Do host genetic traits in the bacterial sensing system play a role in the development of Chlamydia trachomatis-associated tubal pathology in subfertile women?

BACKGROUND: In women, Chlamydia (C.) trachomatis upper genital tract infection can cause distal tubal damage and occlusion, increasing the risk of tubal factor subfertility and ectopic pregnancy. Variations, like single nucleotide polymorphisms (SNPs), in immunologically important host genes are assumed to play a role in the course and outcome of a C. trachomatis infection. We studied whether genetic traits (carrying multiple SNPs in different genes) in the bacterial sensing system are associated with an aberrant immune response and subsequently with tubal pathology following a C. trachomatis infection. The genes studied all encode for pattern recognition receptors (PRRs) involved in sensing bacterial components.
METHODS: Of 227 subfertile women, serum was available for C. trachomatis IgG antibody testing and genotyping (common versus rare allele) of the PRR genes TLR9, TLR4, CD14 and CARD15/NOD2. In all women, a laparoscopy was performed to assess the grade of tubal pathology. Tubal pathology was defined as extensive peri-adnexal adhesions and/or distal occlusion of at least one tube.
RESULTS: Following a C. trachomatis infection (i.e. C. trachomatis IgG positive), subfertile women carrying two or more SNPs in C. trachomatis PRR genes were at increased risk of tubal pathology compared to women carrying less than two SNPs (73% vs 33% risk). The differences were not statistically significant (P = 0.15), but a trend was observed.
CONCLUSION: Carrying multiple SNPs in C. trachomatis PRR genes tends to result in an aberrant immune response and a higher risk of tubal pathology following a C. trachomatis infection.

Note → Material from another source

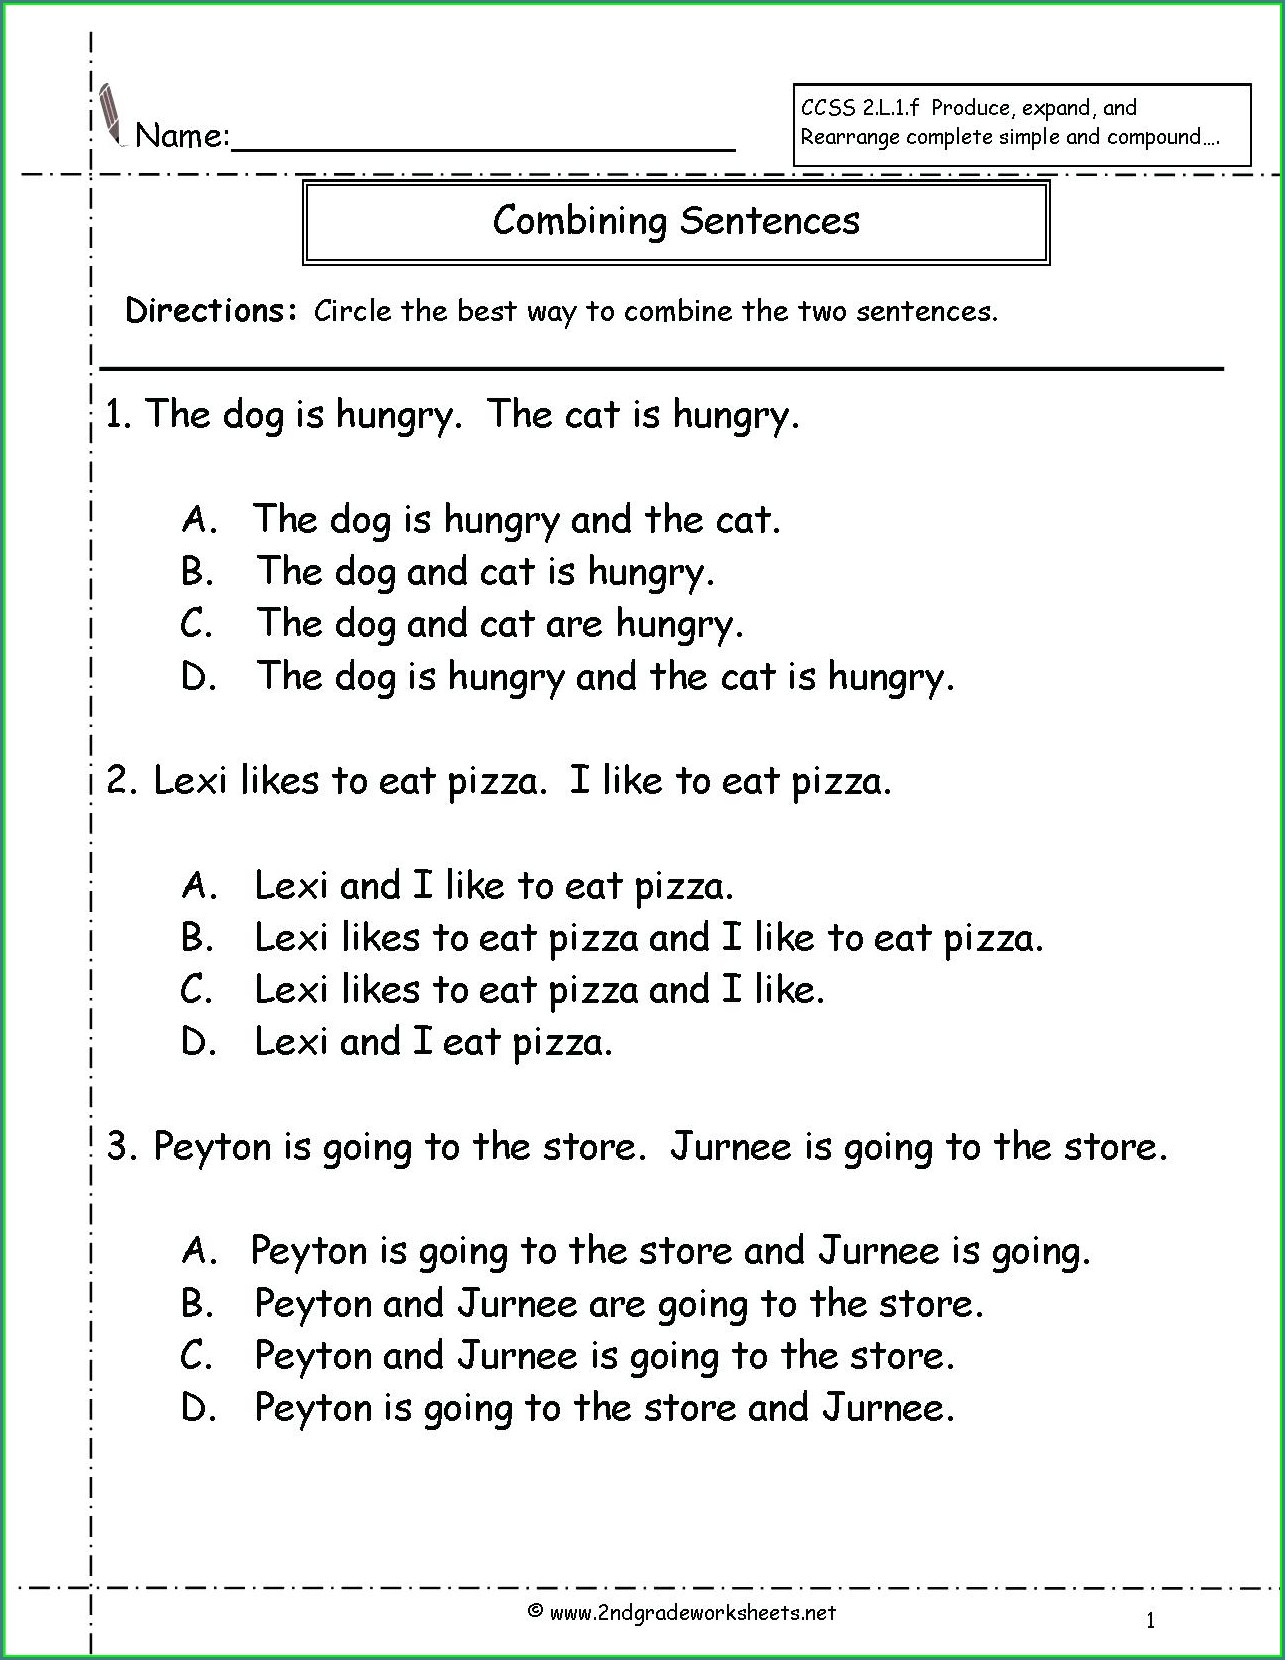 Writing Sentences Worksheets For 6th Grade Worksheet

Larger studies are needed to confirm our preliminary findings.

Background

A large variation exists in the individual response to a Chlamydia (C.) trachomatis infection. Some women clear a C. trachomatis infection adequately without developing tissue damage, whereas others get a persistent infection which may ascend to the upper genital tract, increasing the risk of tubal damage and subfertility. The susceptibility, course and outcome of infectious diseases are determined by environmental factors, virulence factors of the pathogen and host factors.

Immunogenetic studies evaluate the role of genetic variations in immunologically important host genes as determinants of the susceptibility, course and outcome of infectious diseases. Among these variations are single nucleotide polymorphisms (SNPs), in which one nucleotide has been substituted, inserted or deleted. This may lead to synthesis of a potentially aberrant protein, or to up- or downregulation of the normal protein, and subsequently to an aberrant immune response, increasing the risk of late sequelae of infectious diseases (e.g. tubal pathology following a C. trachomatis infection).

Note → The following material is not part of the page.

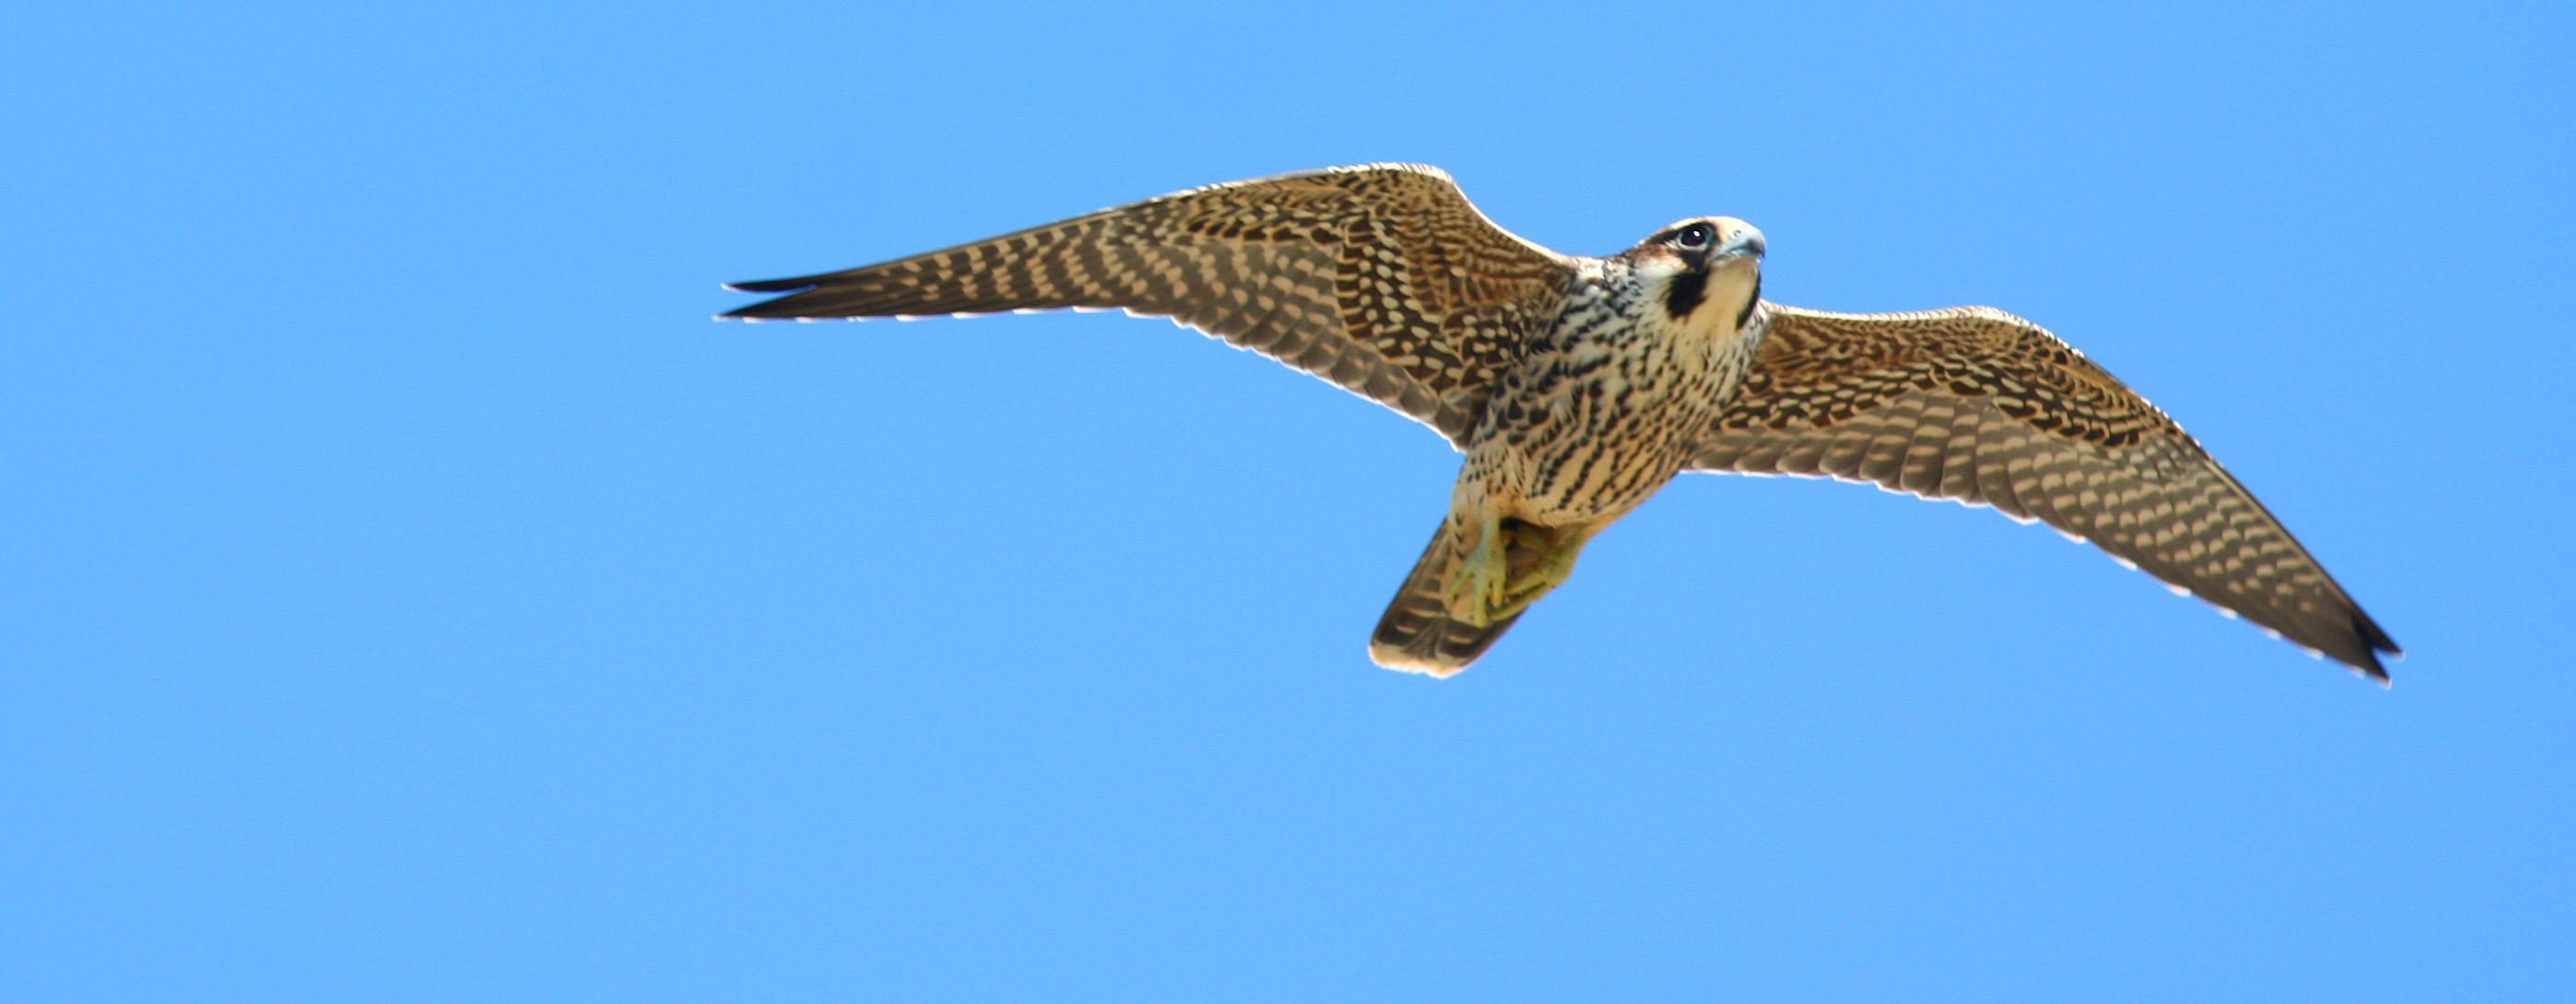 Peregrine Falcon Diving Wallpaper Peregrine Falcon Diving Gif

In the present study, we have evaluated SNPs in genes encoding for pattern recognition receptors (PRRs). PRRs are present on or in circulating cells of the innate immune system (e.g. macrophages) and local cells (e.g. epithelial cells of the upper genital tract). PRRs are involved in the bacterial sensing pathways of the innate immune system by recognizing the so-called pathogen-associated molecular patterns (PAMPs), which are pathogen-specific cell wall components or intracellular components. Since different PRRs recognize different PAMPs, pathogen recognition and initiation of the immune response is a complex and flexible system.

Carrying a SNP in a single PRR may not result in a large effect on disease severity, since other PRRs may compensate for the partial loss of function in a specific pathogen recognition route. Subsequently, SNPs in only one PRR may not play a significant role as risk factors for the development of C. trachomatis-associated tubal pathology, as shown for the PRR toll-like receptor (TLR) 4 [1] and its co-receptor cluster of differentiation (CD) 14 [2]. However, carrying multiple SNPs in one gene or in multiple genes (in so-called carrier traits) may be associated with an increased risk of tubal pathology. Smirnova et al. (2003) [3] have found that combinations of TLR4 variants are markedly more common in patients with meningococcal infections, whereas single variants are not over-represented in those patients. In studies on gastrointestinal malignancies, it has been concluded that carrying multiple pro-inflammatory polymorphisms is associated with an increased risk of gastric cancer [4,5]. Furthermore, studies on the relationship between caspase recruitment domain (CARD) 15/nucleotide oligomerisation domain (NOD) 2 genetic variants, of which SNP8, SNP12 and SNP13 are most studied, and Crohn's disease have shown that compound heterozygous subjects (carriers of two different genetic variants, e.g. SNP12 genotype 1.2 and SNP13 genotype 1.2) have a higher risk of Crohn's disease as compared to homozygous subjects (carriers of the same genetic variant on both chromosomes, e.g. SNP12 genotype 2.2) [6,7].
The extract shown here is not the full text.